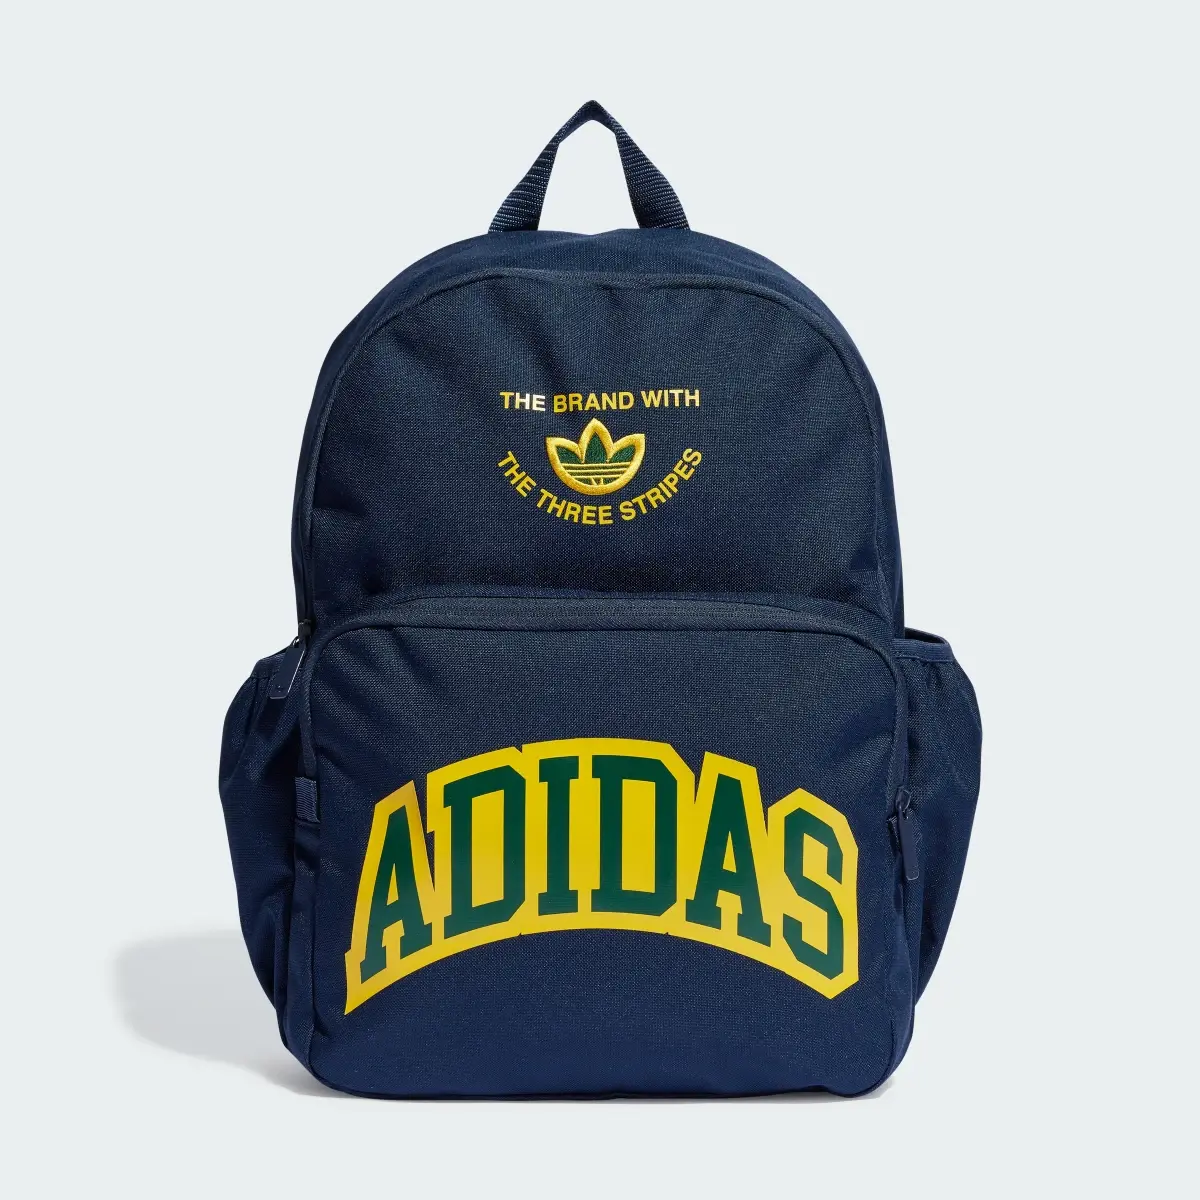 Adidas VRST Backpack. 2
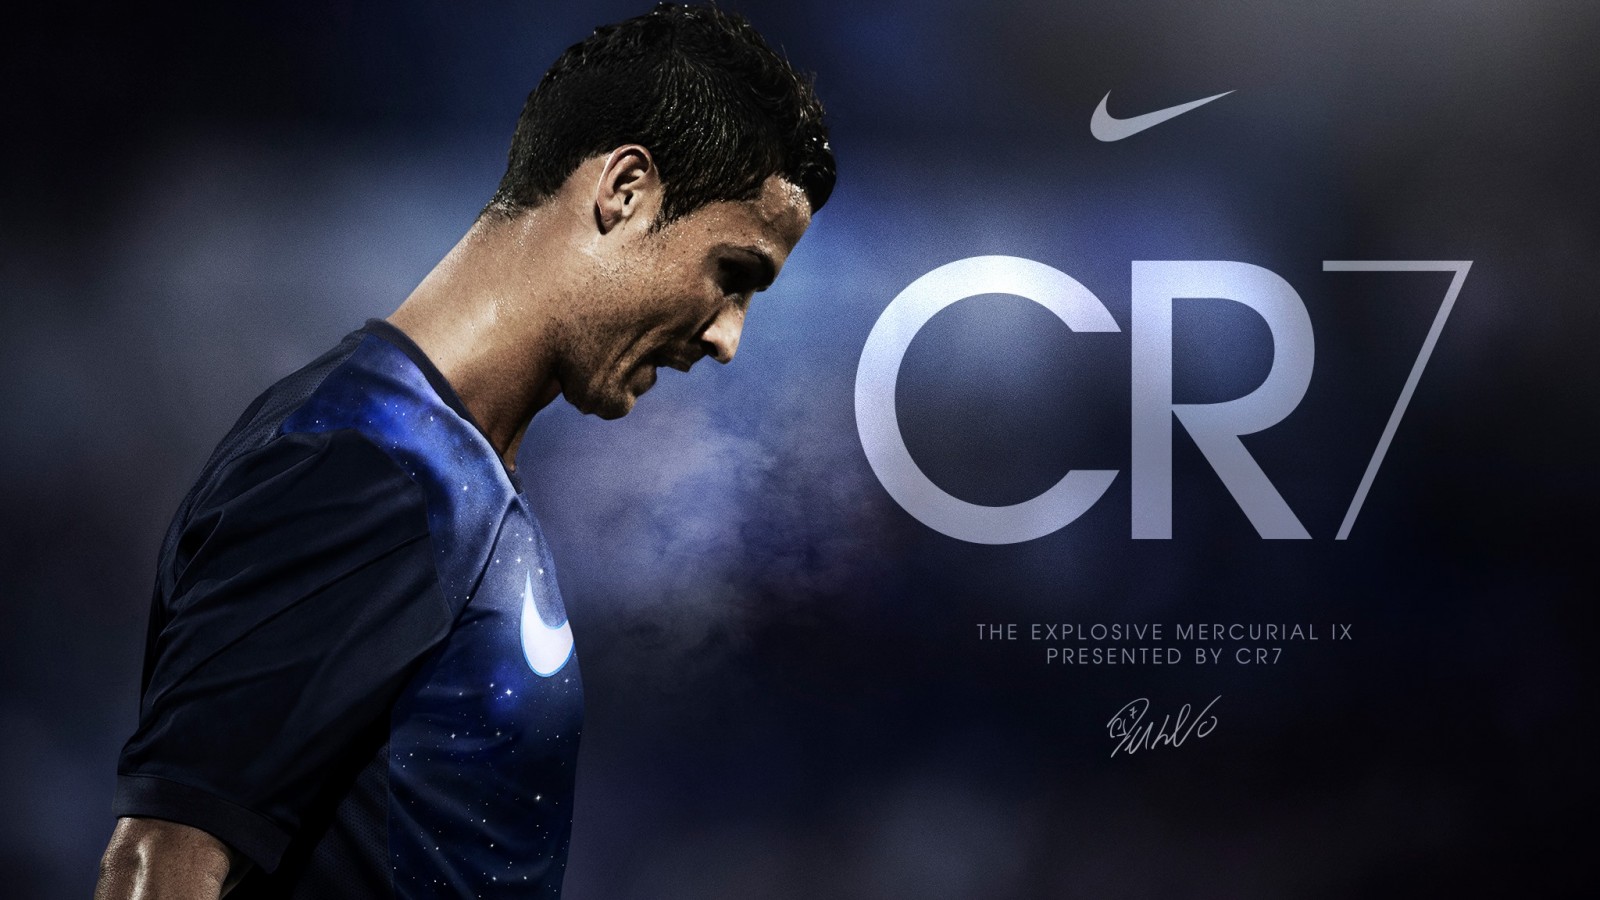 Cristiano Ronaldo Wallpaper 2014 #770 Wallpaper | idwallpics.com
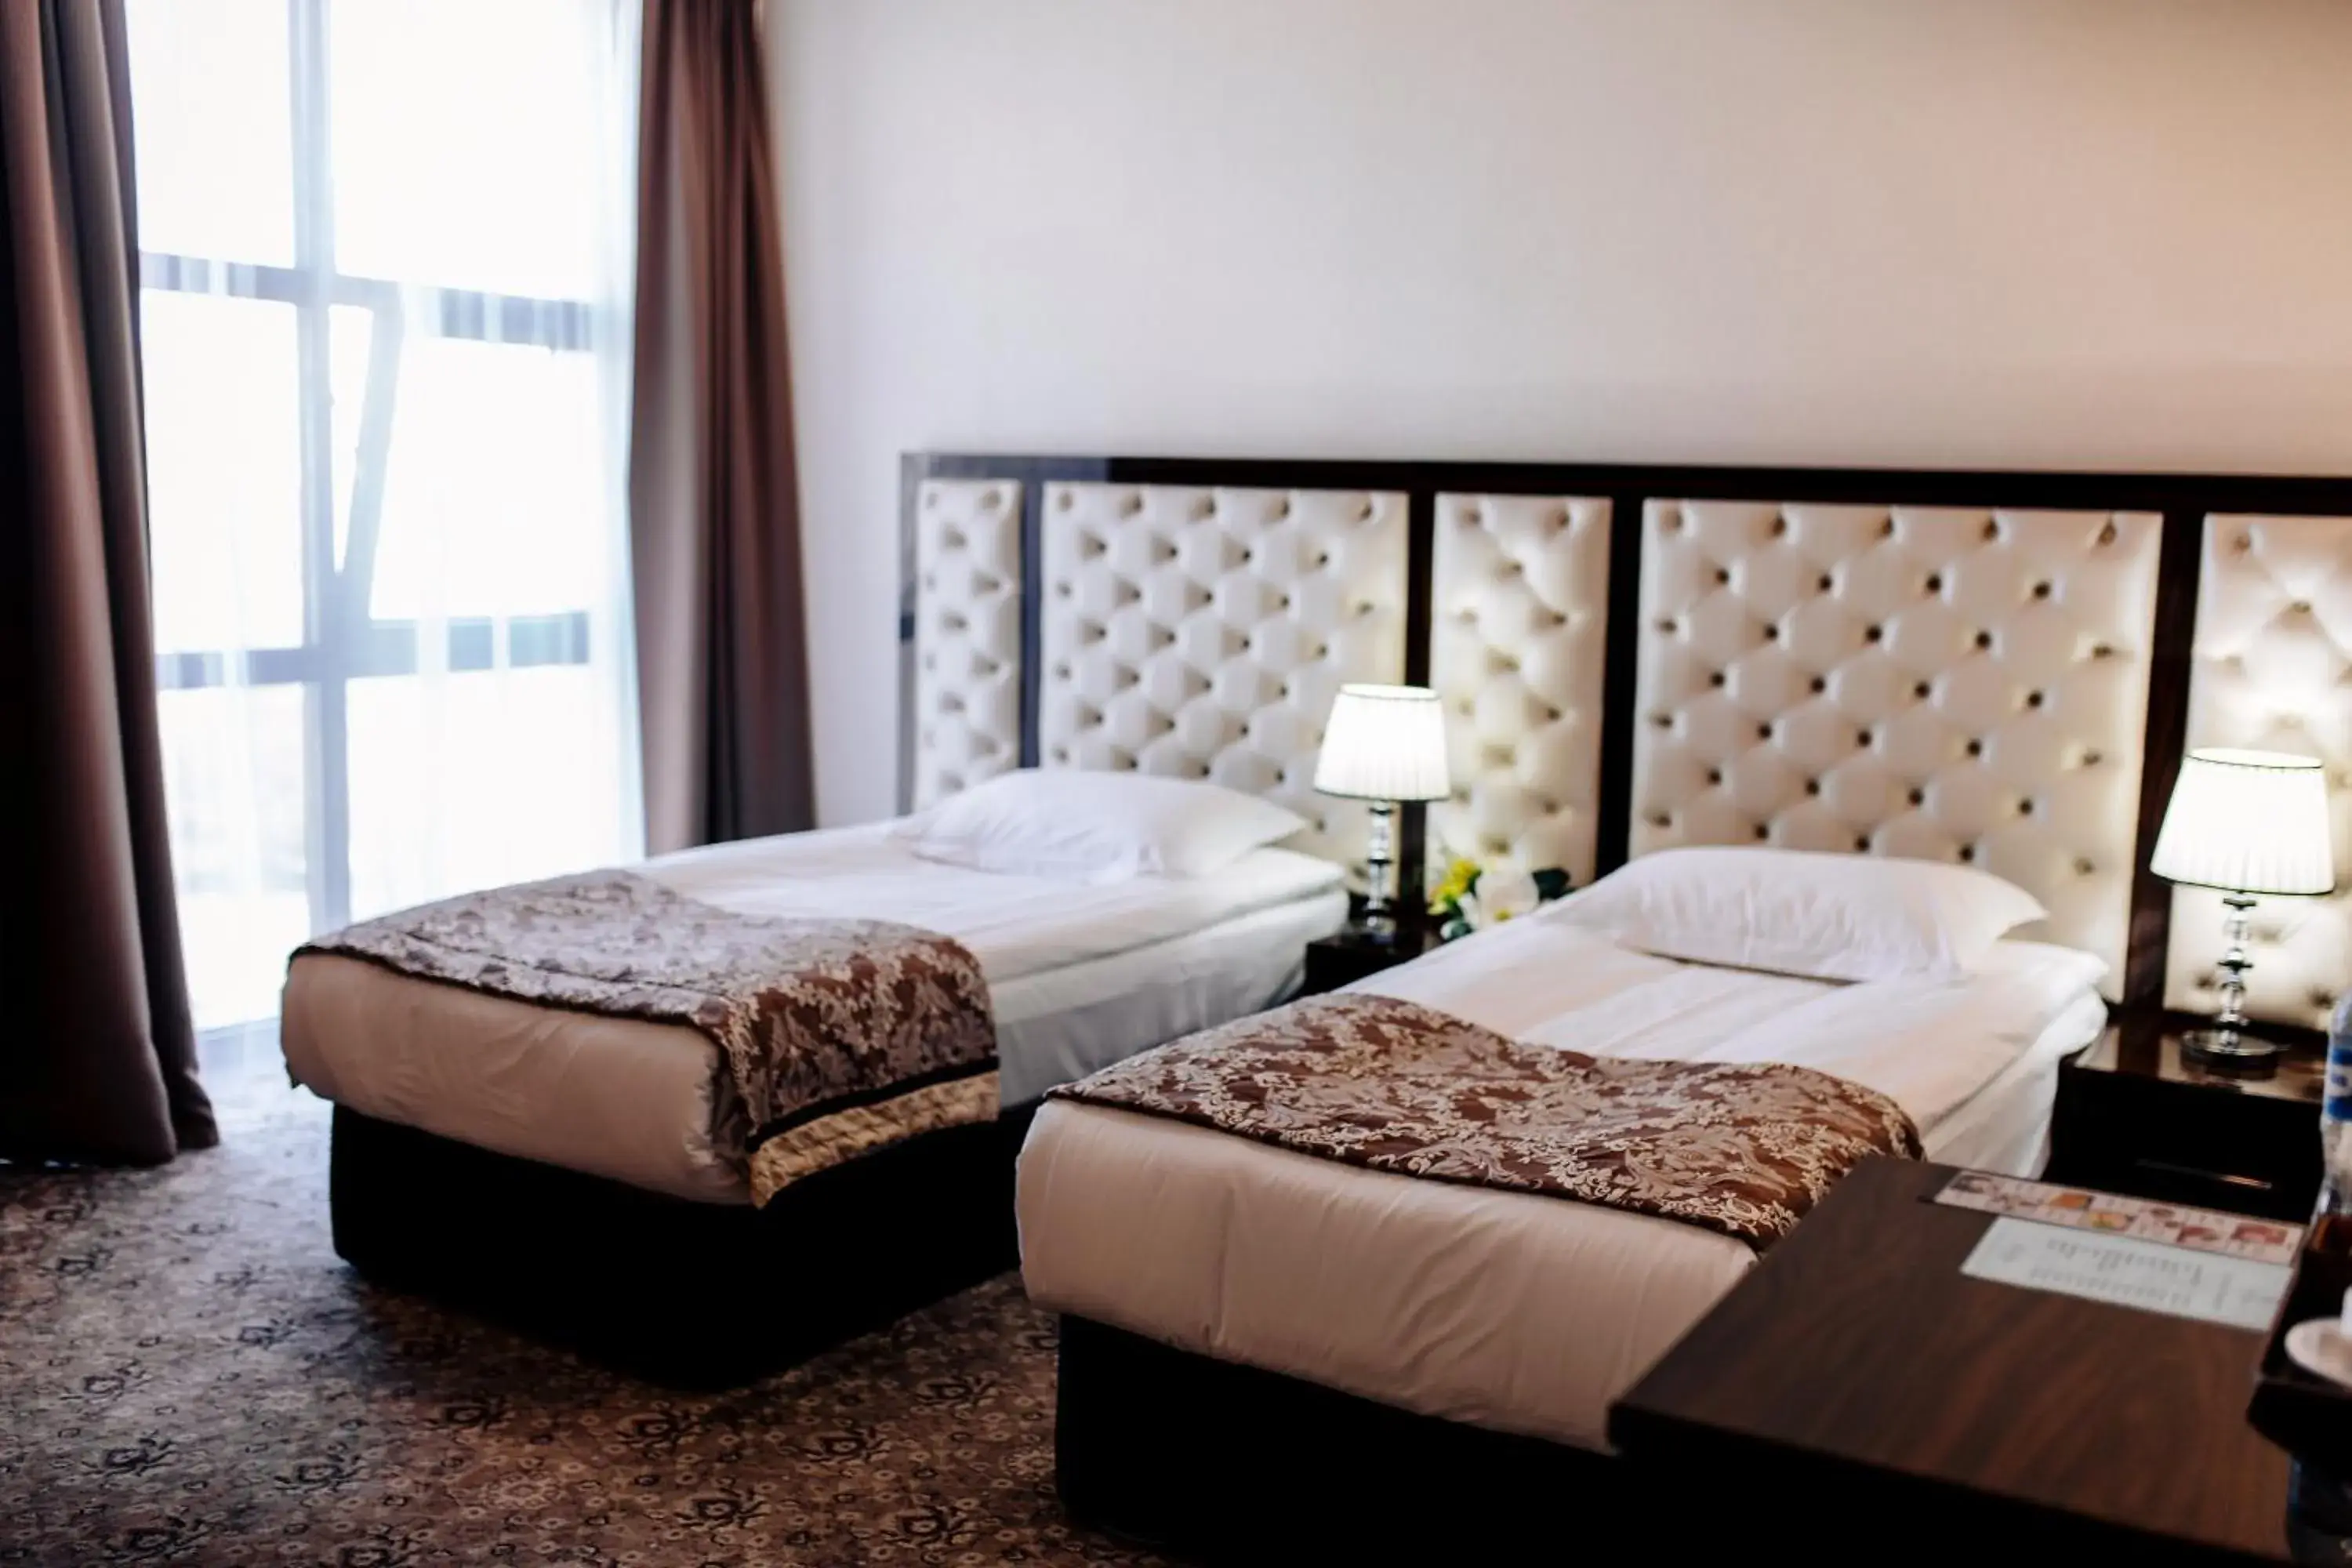 Decorative detail, Bed in Plaza Hotel Bishkek

> ABOUT THIS TASK
Return the listing above word for word. Keep the images out.

> ANSWER AREA
 Adidas VRST Backpack. 2
 Cristiano Ronaldo Wallpaper 2014 #770 Wallpaper | idwallpics.com
 Decorative detail, Bed in Plaza Hotel Bishkek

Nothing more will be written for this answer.